Sustainability Expert, Leanne Wilson, reveals the humble mushroom is the ideal breakfast choice, travelling minimal food miles. It can be utilised in a warming plate of mushrooms on toast in the winter, to a lighter mushroom omelette in the summer.
While the UK grows some of the best local and high-quality produce in the world, stocked directly to our supermarket shelves, recent research of 2,000 adults found 24 per cent of respondents rarely or never consider how environmentally friendly the food they eat is.
Despite this, 62 per cent think they’re ‘quite’ environmentally friendly and nearly one in five reckon they’re ‘very’ sustainable.
Though more than three quarters want to try and be as green as they possibly can in all areas of their life.
Expert Leanne Wilson, speaking on behalf of the UK and Ireland Mushroom Producers, which commissioned the research, said: “The UK and Ireland Mushroom Producers provide enough mushrooms to supply the whole of the UK’s supermarkets, and are available 52 weeks of the year.
“Importing produce such as mushrooms from across the world can spend up to 36 hours in transit just to reach our plates. These international mushrooms are notably less fresh, lower in quality and travel significantly more miles than their locally produced counterparts.
Wilson adds: “Buying British and Irish means supporting local communities, farmers and aids employment opportunities. What’s more, buying local is extremely beneficial for the environment, while simultaneously delivering fresher, more nutritious produce as a result.”
The sustainability of food
When considering how sustainable our food choices are, many Brits think of where it’s been produced, the packaging and the miles its travelled to get to our plates. Although it has emerged that only one in 10 frequently think about how sustainable their food is.
But taste, healthy credentials and convenience were the most important factors when it came to breakfasts, with sustainability ranking last.
Respondents also believed porridge, cereal and fruit salads to be the most sustainable breakfast options – with adults eating the same meal five times per week on average.
Despite this, half of those polled admitted they should be more considerate of how sustainable their breakfast is, but don’t know enough about it.
Growing their own produce
More than half of adults have tried to grow their own produce to reduce their food mileage, though nearly a quarter rarely or never consider buying local produce to reduce the travel involved to their plate.

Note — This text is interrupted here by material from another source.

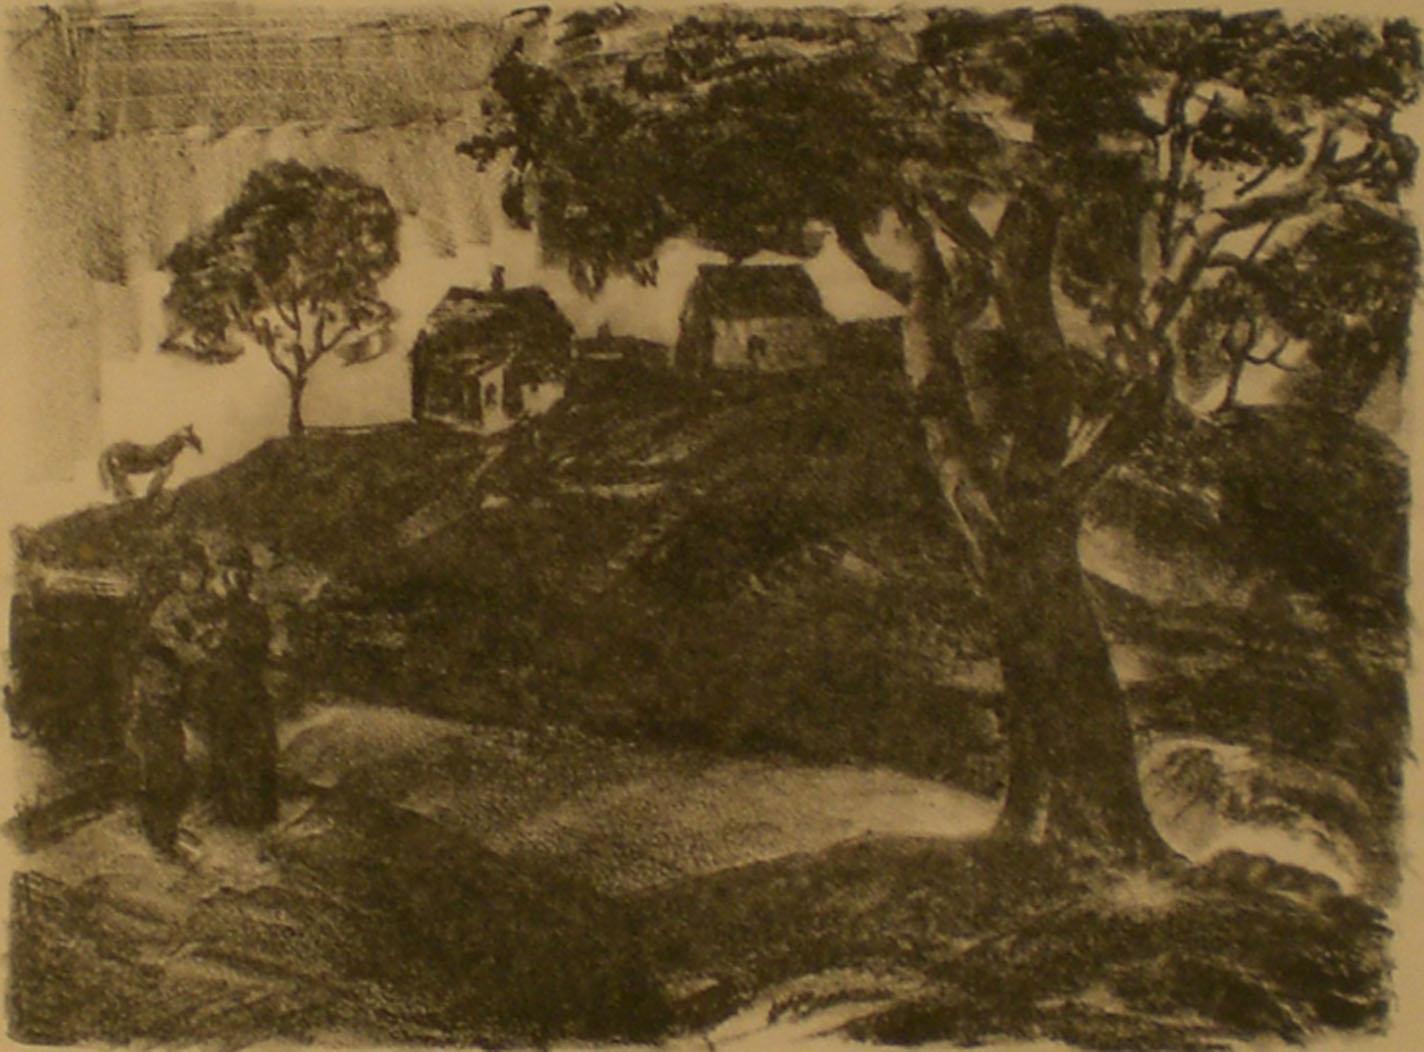 Hillside Homes , print, 17 ¾ x 15 ¾  Pathways Original Print Collection

Vegetables, eggs and fruit were the items adults were most likely to make an effort to buy from sustainable sources – with coffee, clothes and soap also ranking highly.
Yet 67 per cent will turn a blind eye to where certain goods are created or sourced from.
And it was estimated 37 per cent of what respondents buy is sustainable.
A spokesperson from the UK and Ireland Mushroom Producers, added: “It’s clear there’s more to be done in changing the mindset of consumers when it comes to reducing food miles when purchasing produce.
“The battle between convenience and the benefits of buying local produce is ongoing, but vital that sourcing locally wins in order to protect the environment.
“As well as this, the taste of fresher, local produce such as mushrooms does vary hugely as well as helping support farmers within the UK and Ireland.”